**Exercise requirements**
Starting with the line that holds "PlayStation 4 Slim, 500GB, of", reproduce each line through the last one of the data, exactly as written. Pictures are not copied.
━━ Provided material ━━
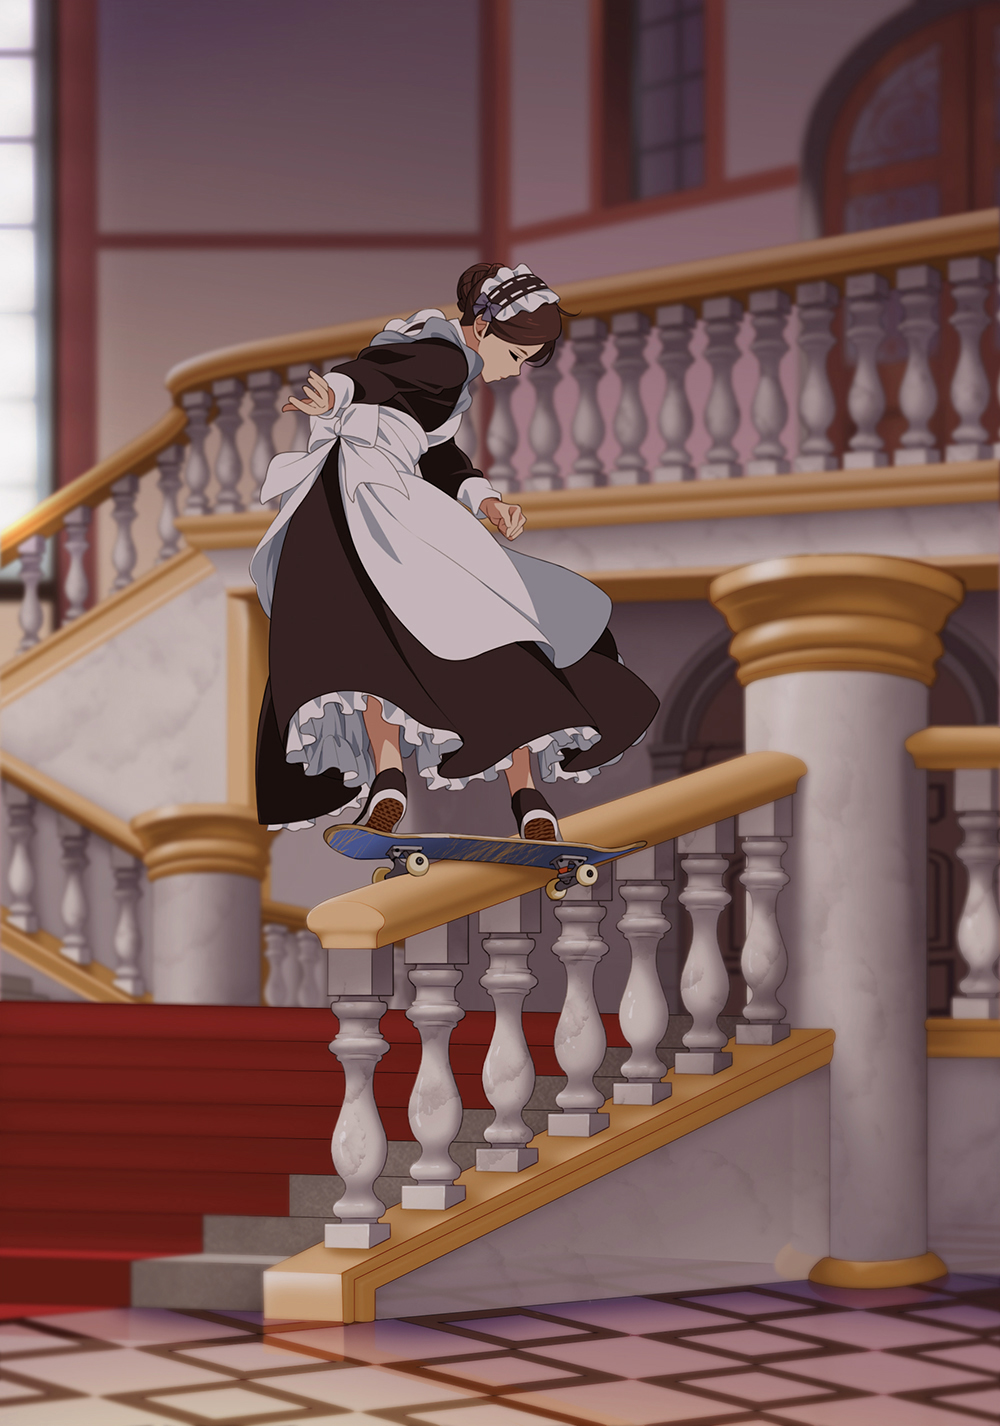 Anime 1000x1426 anime anime girls digital art artwork 2D portrait display skateboard skateboarding maid outfit
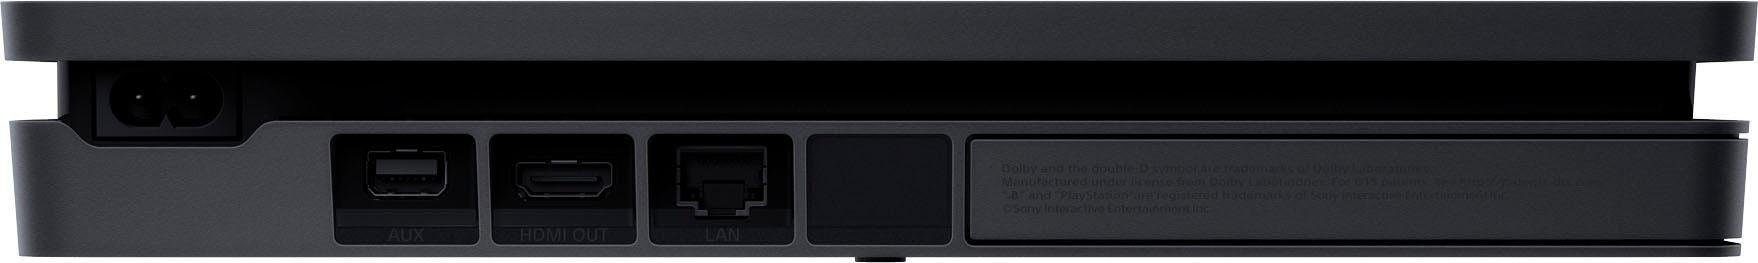 PlayStation 4 Slim, 500GB, of Tsushima Ghost inkl
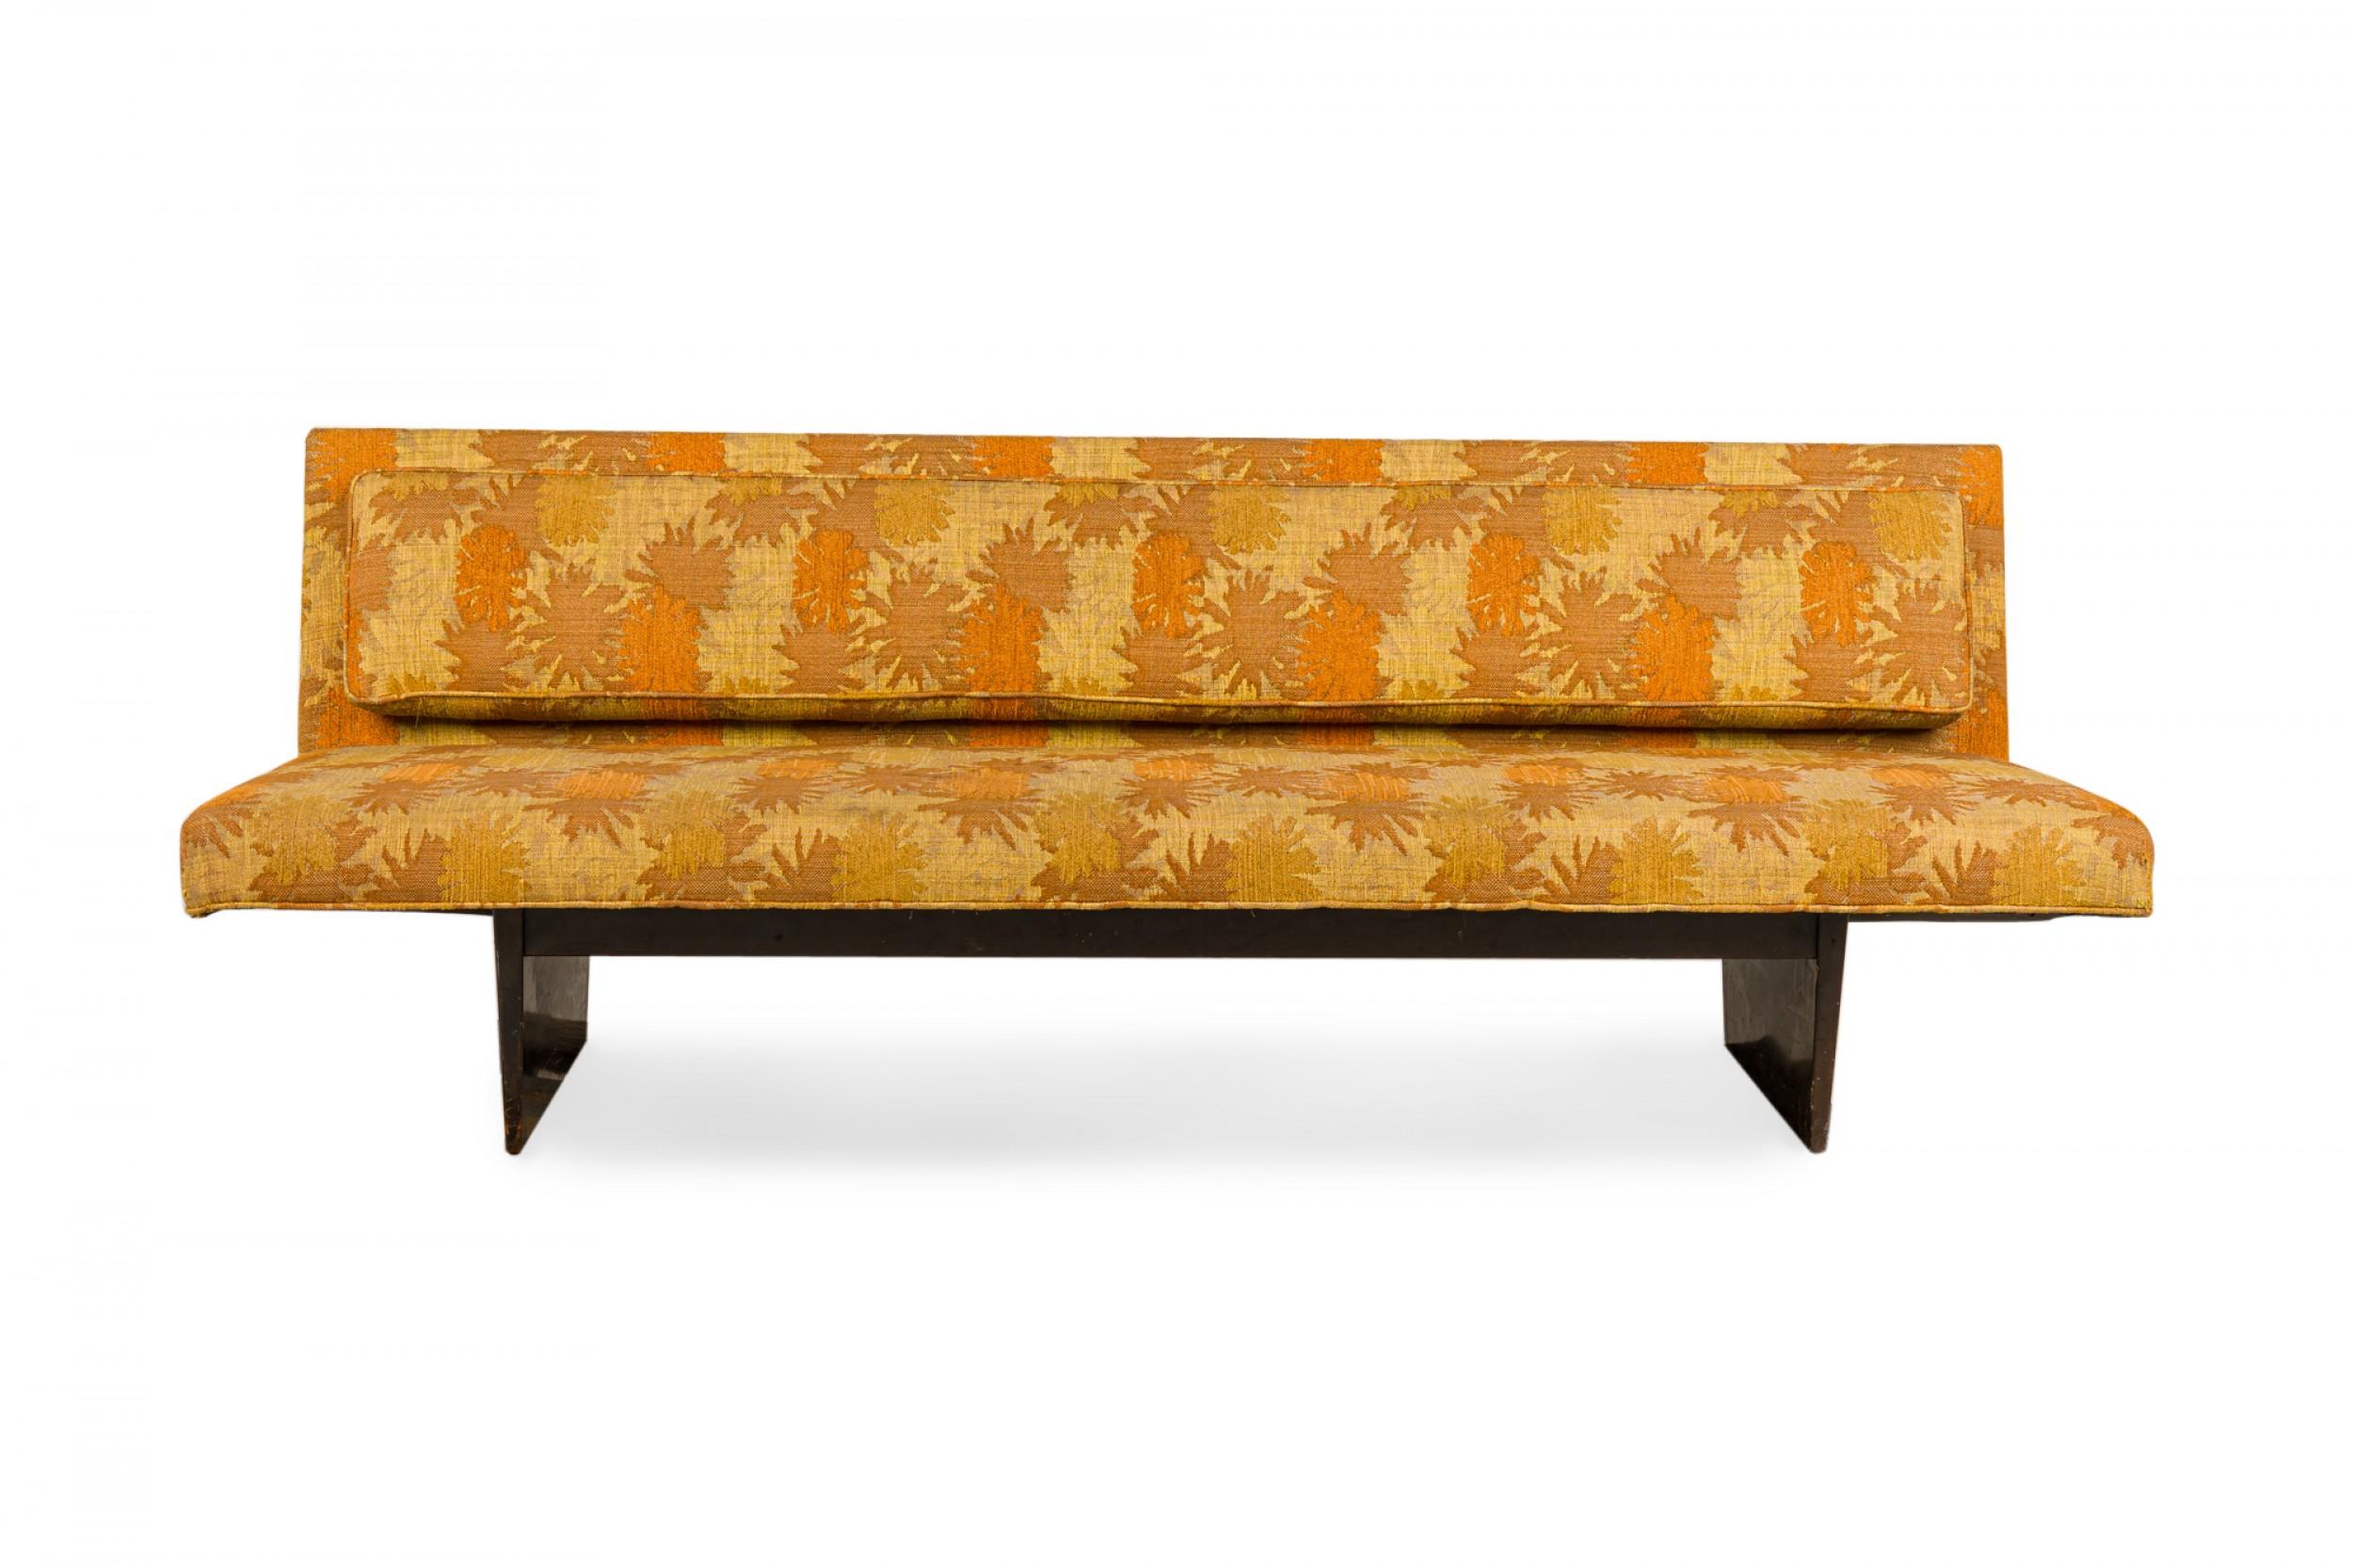 American Mid-Century sofa with orange, yellow, and gold sunburst patterned upholstery, resting on an ebonized wooden sled base. (HARVEY PROBBER).
 
━━━
**Your solution**
 PlayStation 4 Slim, 500GB, of Tsushima Ghost inkl
 American Mid-Century sofa with orange, yellow, and gold sunburst patterned upholstery, resting on an ebonized wooden sled base. (HARVEY PROBBER).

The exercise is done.